Читать «Пушистые и когтистые компаньоны человека у Достоевского» онлайн - страница 14

Людмила Ивановна Сараскина

Картина «Партия арестантов на привале» художника В. И. Якоби, описанная Достоевским в статье «Выставка в Академии художеств за 1860–1861 год», поразила писателя одним общим выражением изображенных на картине лиц — их тупым, неподвижным равнодушием. Именно этот отпечаток — непобедимой, безучастной черствости — заметил он и на лицах арестантов, и на лицах охранников. И вот самый сильный акцент: «Возле той же телеги стоит этапный офицер. Он одною рукою открывает один глаз покойника, чтоб убедиться, вероятно, в его смерти. Открывается мертвый большой глаз, с подвернутым книзу зрачком. Офицер, очень равнодушно покуривая трубку, спокойно смотрит на поблекший глаз, и на черством лице его не выражается ровно ничего: ни участия, ни сострадания, ни удивления, совершенно ничего, так, как если бы он смотрел на дохлую кошку или на придорожную трясохвостку. Он даже гораздо больше занят своей трубкой, чем покойником, которому в глаз заглянул только мимоходом» (19; 152).

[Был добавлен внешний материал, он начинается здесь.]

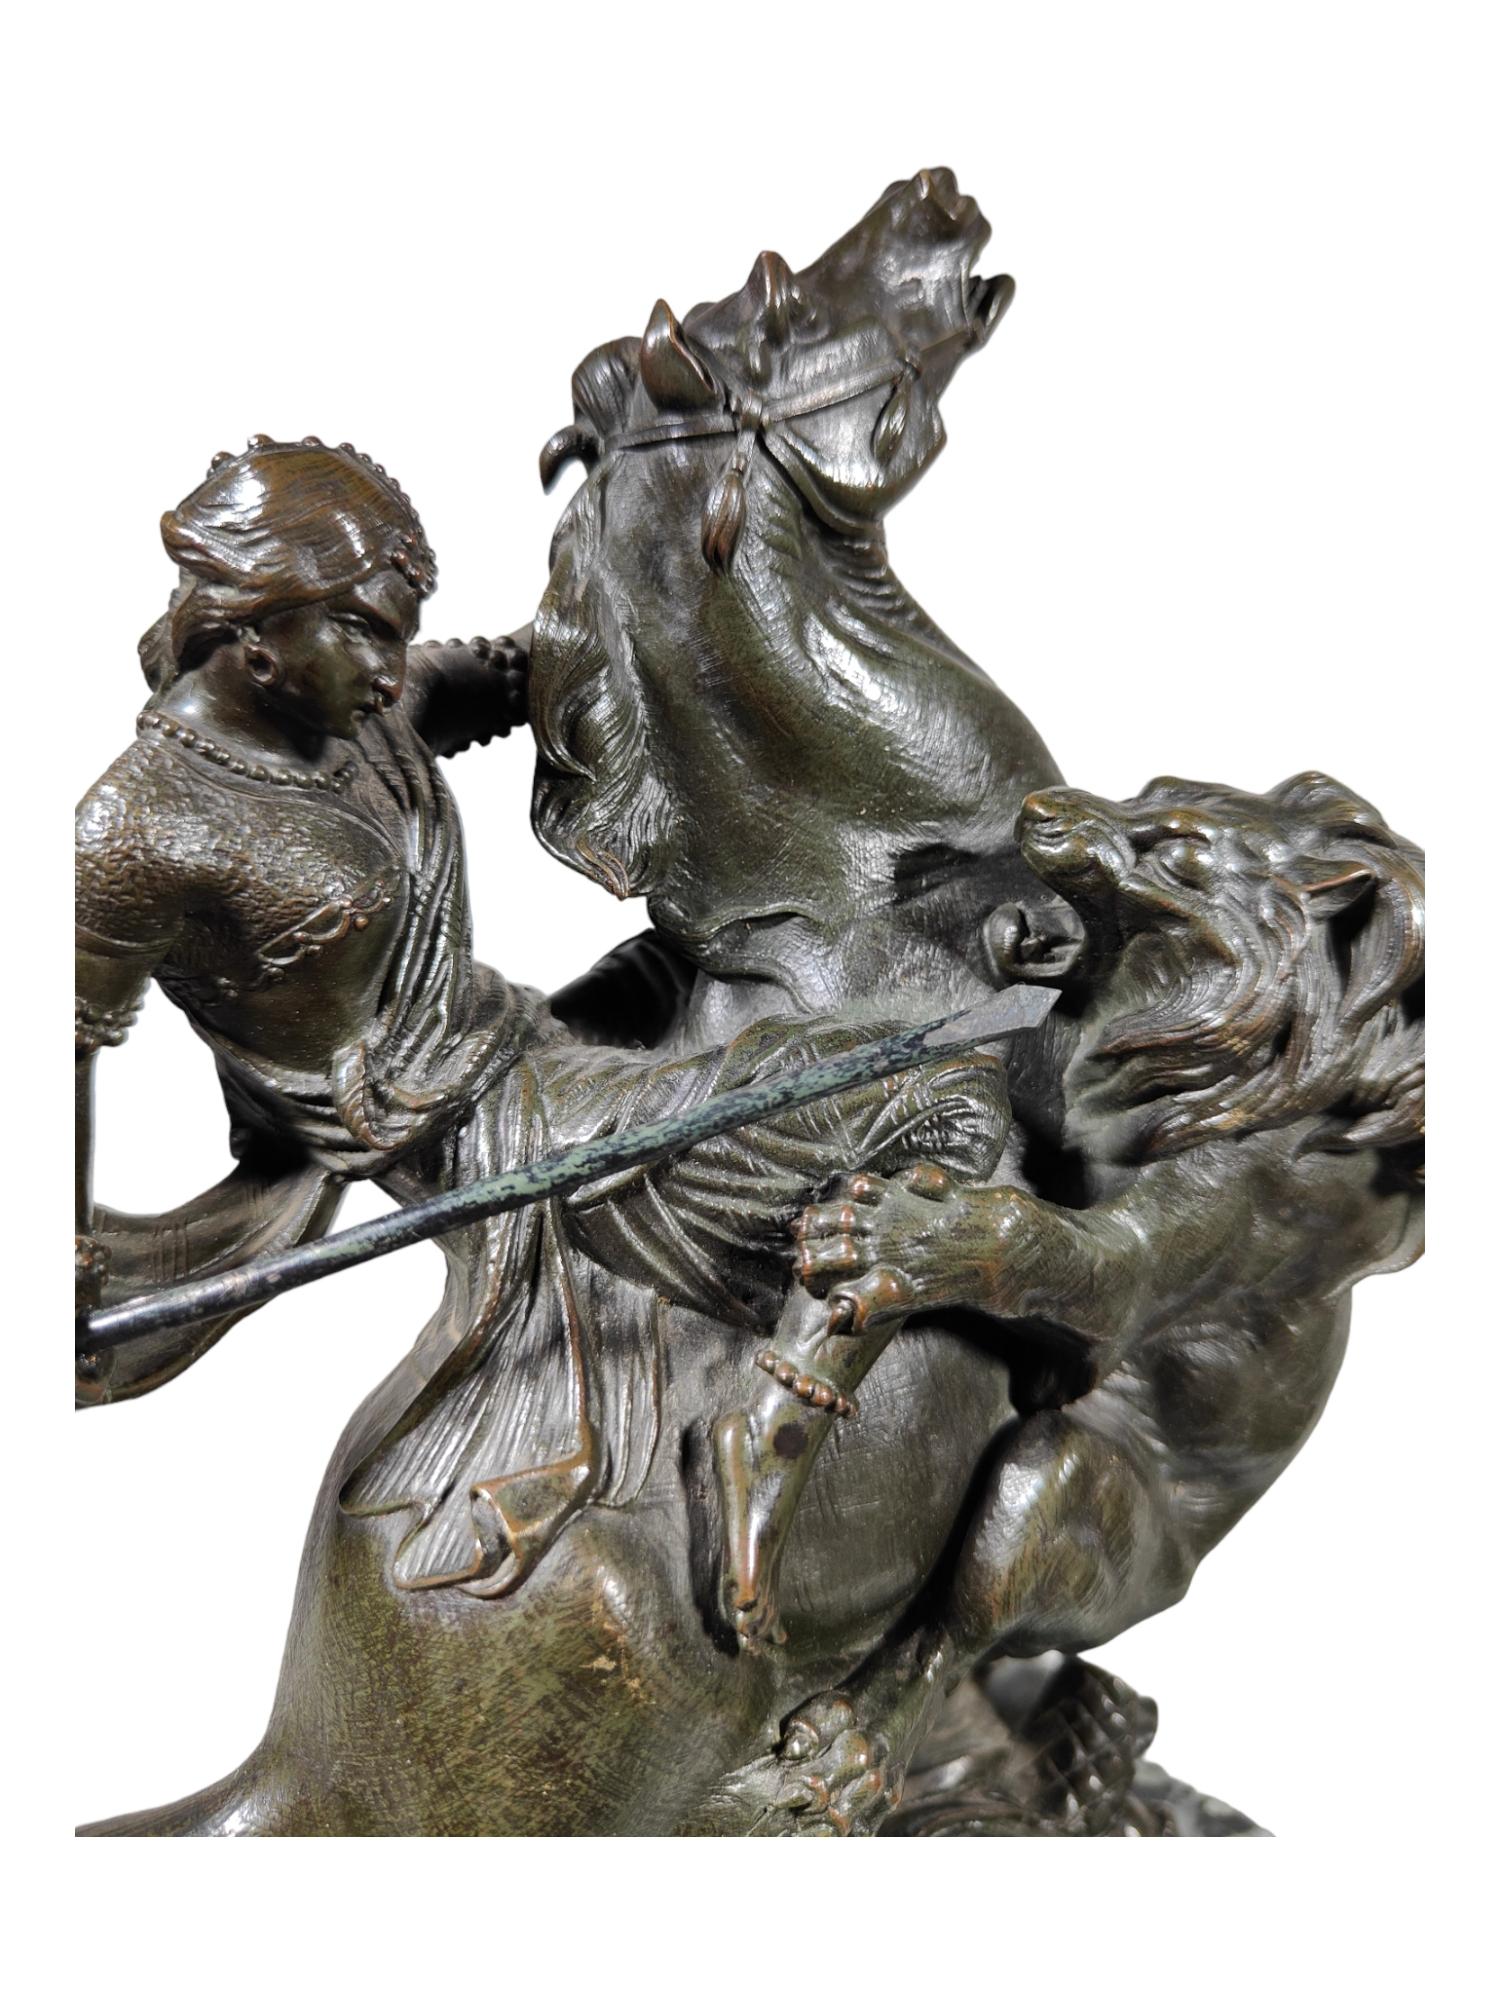 Amazone à cheval attaquée par un tigre August-Karl-Edouard Kiss Statue en bronze Allemagne
L'Amazone montée attaquée par un LION est l'œuvre du sculpteur allemand Auguste Kiss. Pris au milieu de l'attaque, les personnages traduisent la violence et

Но как же славно вспомнить остроумные пословицы и поговорки, где присутствуют коты и кошки! Вот прелестный диалог двух арестантов в «Записках из Мертвого дома»: «— Значит, ты богатый, коли сложа руки сидеть хочешь? — Богат Ерошка, есть собака да кошка» (4; 200). Выражение было записано Достоевским в Омском остроге в «Тетрадке каторжной» под номером 464 и позже точно в таком же виде перекочевало в «Мертвый дом». Аналог пословицы находим у В. Даля: «Богат Мирошка, а животов — собака да кошка»{5}. В «Тетрадке каторжной» под номером 373 была записана еще одна редкая кошачья поговорка: «Где та мышь, чтоб коту звонок привесила?» Выражение, видимо, так нравилось Достоевскому, что он употребил его дважды — один раз в «Селе Степанчикове» (3; 35), второй раз — в «Записках из Мертвого дома» (4; 206). Где та смелая и ловкая мышь, что сможет навесить на кота колокольчик, который будет предупреждать мышей о приближении кота? В обоих случаях об этом размышляют мужики-простолюдины: арестанты — о тюремном начальстве, мирные крестьяне — о тиране Фоме Фомиче Опискине.

* * *

В статье «Жестокий талант» один из самых взыскательных критиков Достоевского Н. К. Михайловский сердито упрекал писателя в неумении изящно и легко шутить. «Шутка решительно не удавалась Достоевскому. Он был для нее именно слишком жесток, или, если кому это выражение не нравится, в его таланте преобладала трагическая нота. Шуточные вещи он пробовал писать не раз. Но или шутил над тем, что ни в каком смысле шутки не заслуживает (“Двойник”), или же шутка напоминала — да позволено мне будет это сравнение — кошачью игру: кошка совершенно незаметно раздражается процессом игры и переходит с него на действительное, злобное царапанье и кусанье. Разница, однако, в том, что Достоевскому не доставало грации кошки: он сплошь и рядом вводил в свои шутки грубейшие и отнюдь не грациозные эффекты (“Дядюшкин сон”, “Крокодил” и др.). “Чужая жена и муж под кроватью” — “происшествие необыкновенное” — принадлежит именно к разряду этих грубых и вовсе не грациозных шуток»{6}.